Who knew telling her could make me feel so much better. Sure now I felt even more humilated now that my mom knew I had sex with my boyfriend, but her words calmed the memories of that night.

"You're only 14 Ken, remember you have the rest of your life to feel the fireworks."

Maybe I wasn't as ready as I thought I was. Maybe if I would have waited till I was older it would have been a tad better than what it was. I want to do it again, but she's right, I'm only 14. I think I want to wait.

* * *

My mom let me leave later so I could go catch Daisuke when he got off of school. He was really surprised to see me and rushed over to me once I was spotted.

"Oh Ken, I am so sorry!" He cried out, his eyes filling with tears. I was about to open my mouth when he continued. "I knew it was too soon! God what's wrong with me? I didn't mean to hurt you Ken, that's the last thing I'd ever want to do. And I understand if you never want to have any physical contact with me again!" Luckily no one was around then or else we would have gotten some stares.

He had rested his head on my shoulder and was sniffling pitifully. I lifted it up and smiled. "Your right, I wasn't ready.

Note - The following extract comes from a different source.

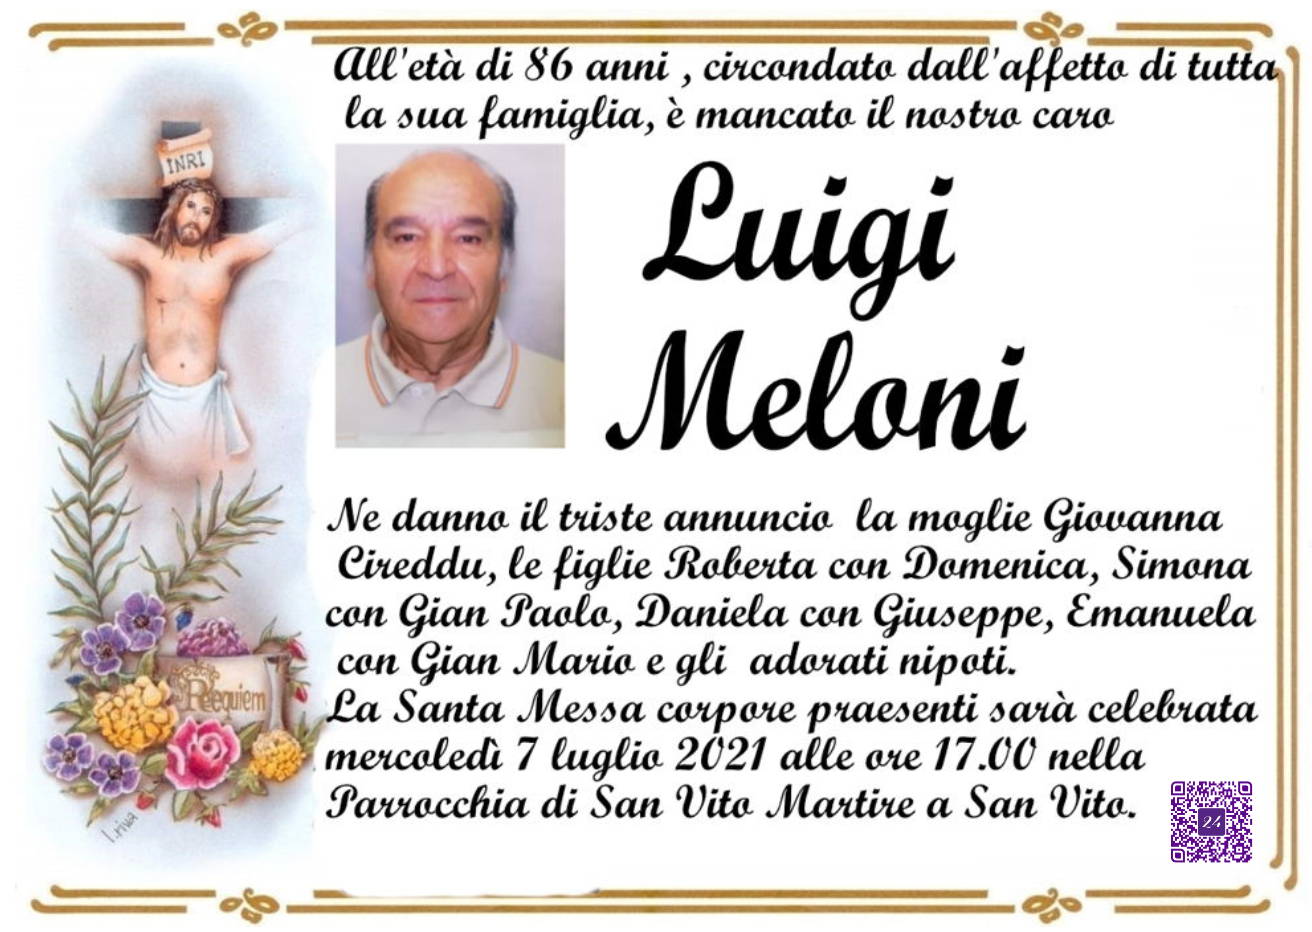 Luigi Meloni

But your the person I'm glad to have lost my virginity to so it was worth it. When we do it again," That seemed to brighten up his face. "We'll take it slow and we'll know more what we are doing." I said and took his hand within mine.

"I love you Ken." He said and gave my hand a squeeze.

"I love you too."

* * *

This was written based on my friend. She wasn't ready when she did it and it effected her really bad for a while.

She didn't tell me at first, in fact she waited about four months afterwards to tell. She said for a while it was weird between the two of them and she made him cry when she said that she hadn't been ready. But they waited for a while and now they have a healthy sexual relationship and I couldn't be happier for her to find such a great guy. It was their one year aniversity this month!